Generic Receive Offload (GRO) operates at the network interface level by coalescing multiple incoming TCP segments into larger logical units before passing them to the IP stack. This offloading technique significantly reduces per-packet processing overhead. In advanced NICs like Intel's 82571EB series, GRO implementation involves:
// Simplified GRO processing logic (conceptual)
while (packet_queue_not_empty) {
current_packet = dequeue_packet();
if (matches_existing_flow(current_packet)) {
merge_packets(flow, current_packet);
update_flow_timer(flow);
} else {
create_new_flow(current_packet);
}
}
Packet Modification Transparency: GRO operates completely transparently to both endpoints' TCP stacks. The NIC doesn't modify or generate TCP ACKs - it only coalesces incoming segments. The original packets remain intact in their payload and headers, with only the segmentation being affected during the merge operation.
Timeout Mechanisms: GRO implementations typically use several triggers to flush coalesced packets:
- Timer expiration (default 10ms in Linux)
- Packet sequence number gap detection
- TCP PSH flag reception
- Maximum segment size threshold (64KB typical)
The observed issue with uneven bandwidth distribution across VPN tunnels stems from GRO's interaction with window scaling. When window scaling is enabled:
// Problem scenario pseudocode
if (window_scaling_enabled) {
GRO_holds_packets_longer(); // Due to larger window sizes
TCP_may_timeout_waiting_for_ACK();
}
Disabling GRO (or window scaling) forces more immediate packet delivery to the stack, explaining why the bandwidth distribution becomes even. This is particularly noticeable in forwarding setups where the intermediate device doesn't terminate TCP connections.

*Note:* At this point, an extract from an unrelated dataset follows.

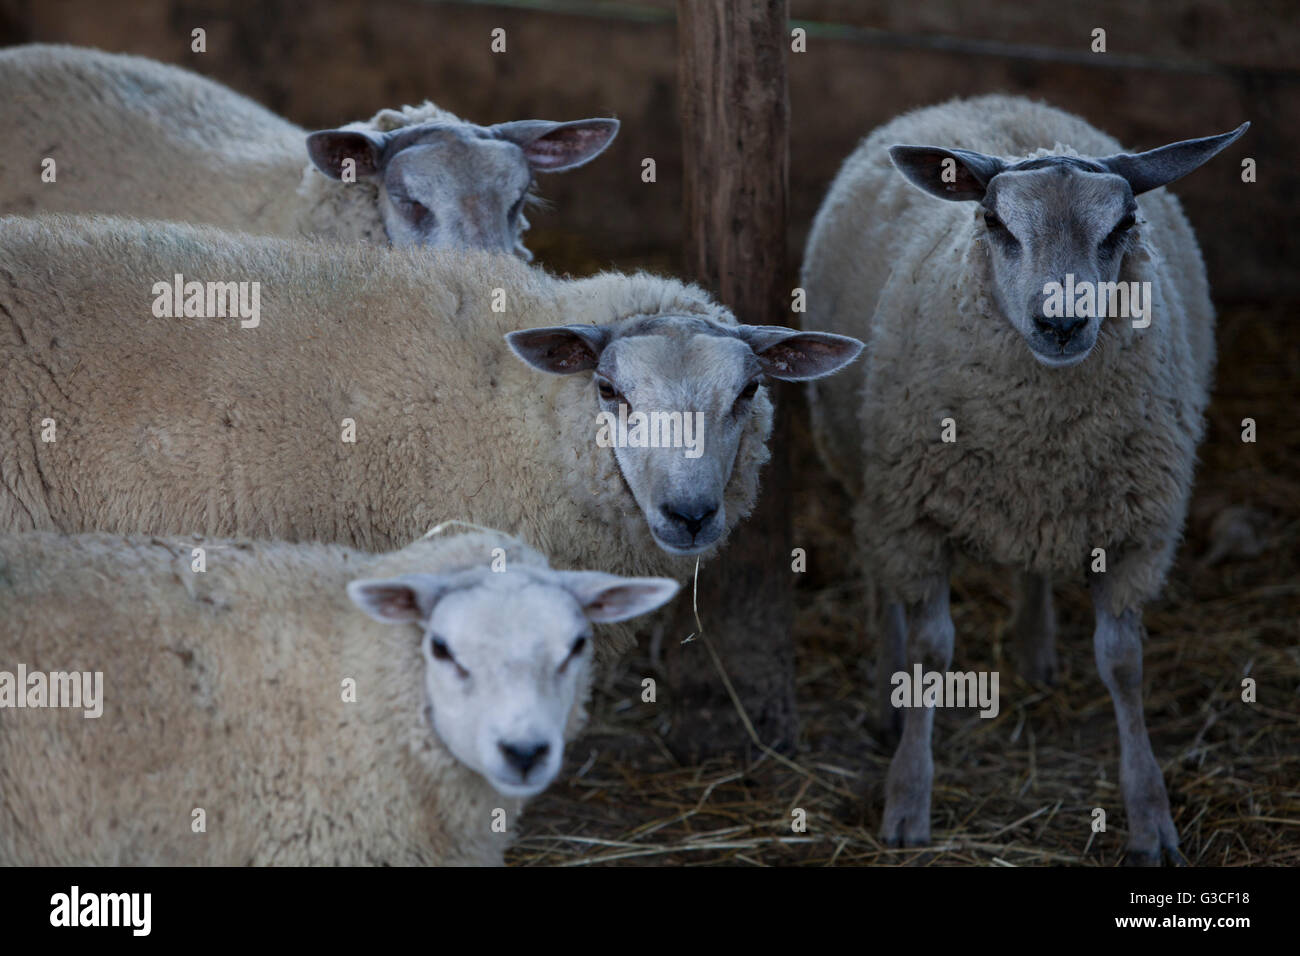 Granja ovejera,tonco,monferrato Foto de stock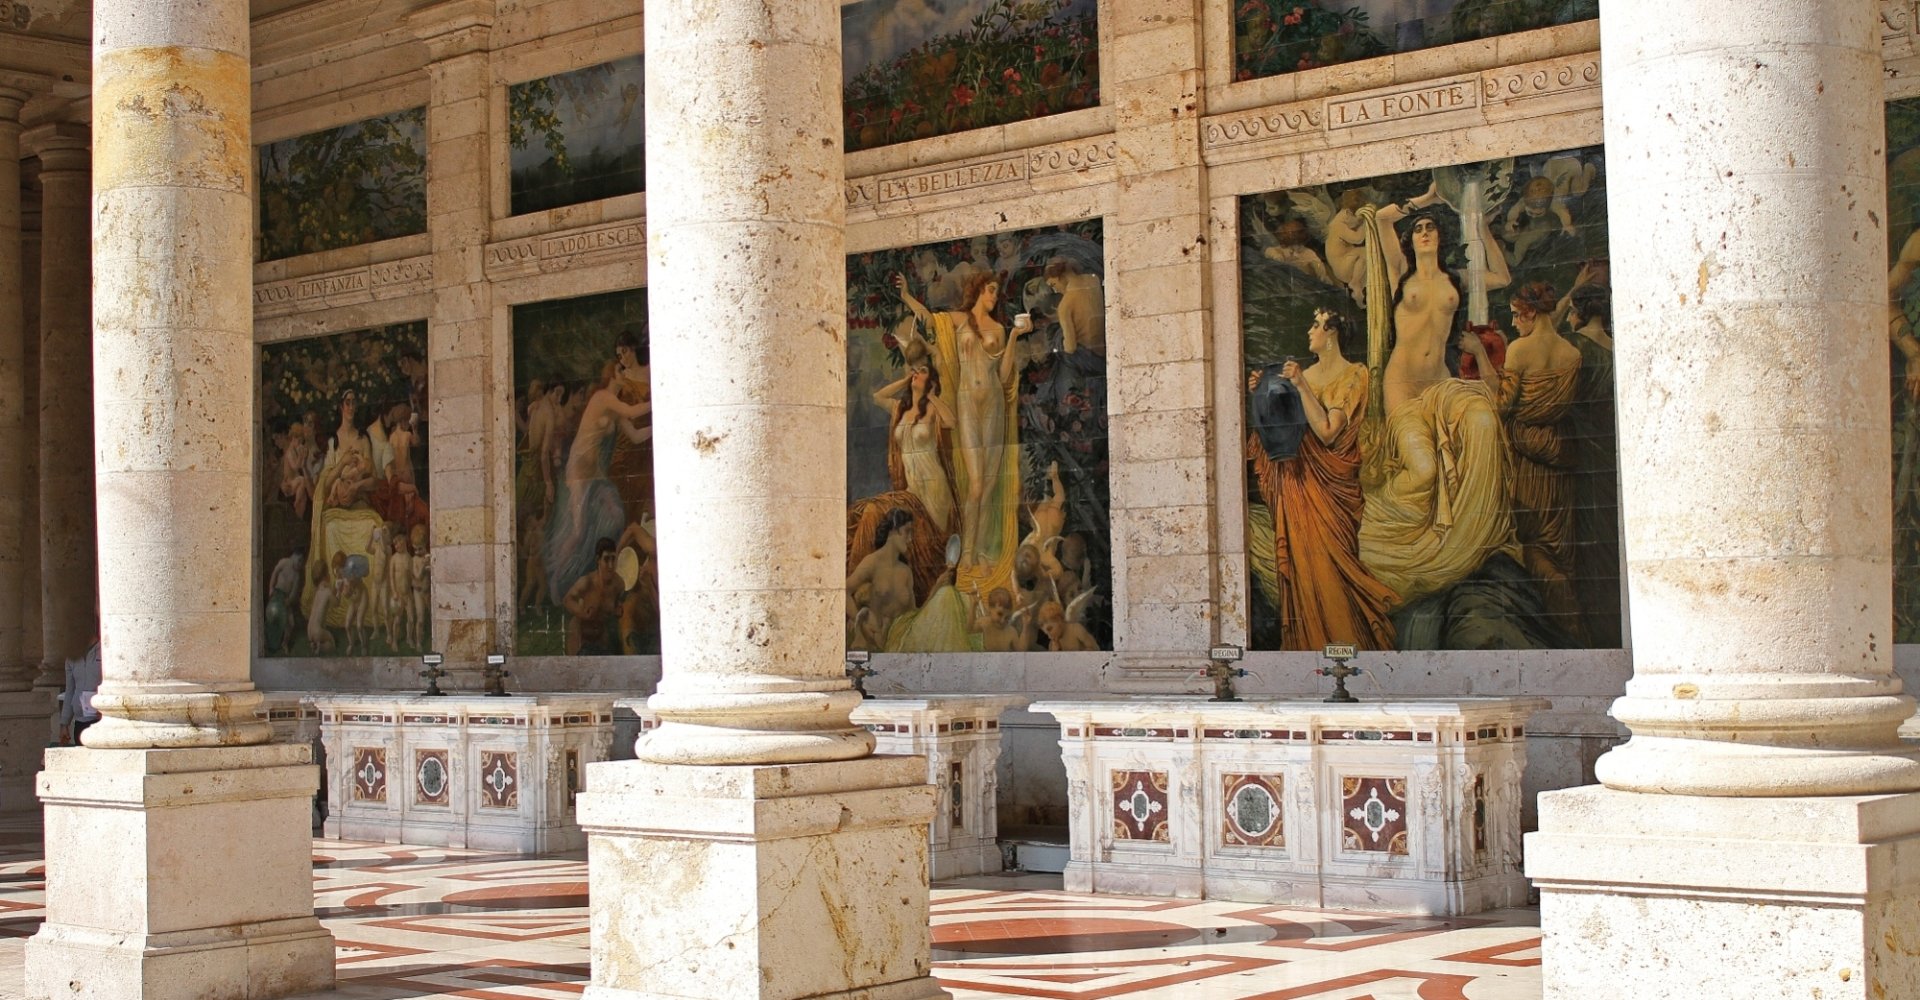 Termas Tettuccio en Montecatini Terme - Frescos de Basilio Cascella

To verify GRO-related issues:
# Check GRO status
ethtool -k eth0 | grep generic-receive-offload
# Disable GRO temporarily for testing
ethtool -K eth0 gro off
# Monitor GRO statistics
cat /proc/net/softnet_stat
For VPN forwarding scenarios:
- Consider adjusting GRO timeout values:
sysctl -w net.core.gro_flush_timeout=2000
(microseconds) - Test with different NIC driver versions - Intel's
e1000e
driver has seen significant GRO improvements in later versions - For critical applications, evaluate using
ethtool -C
to tune interrupt coalescing parameters
For deeper technical understanding:
- Linux kernel documentation: Documentation/networking/scaling.txt
- Intel NIC optimization guides for specific controller families
- Research papers on TCP offload engine (TOE) architectures
Generic Receive Offload (GRO) is a hardware acceleration technique where the network interface card (NIC) combines multiple incoming TCP segments into larger packets before passing them to the kernel network stack. This reduces CPU overhead by decreasing the number of packets the system must process.
1. Packet Modification Behavior: GRO operates transparently to TCP stacks - it doesn't modify or generate TCP ACKs. The NIC simply aggregates segments while maintaining protocol semantics.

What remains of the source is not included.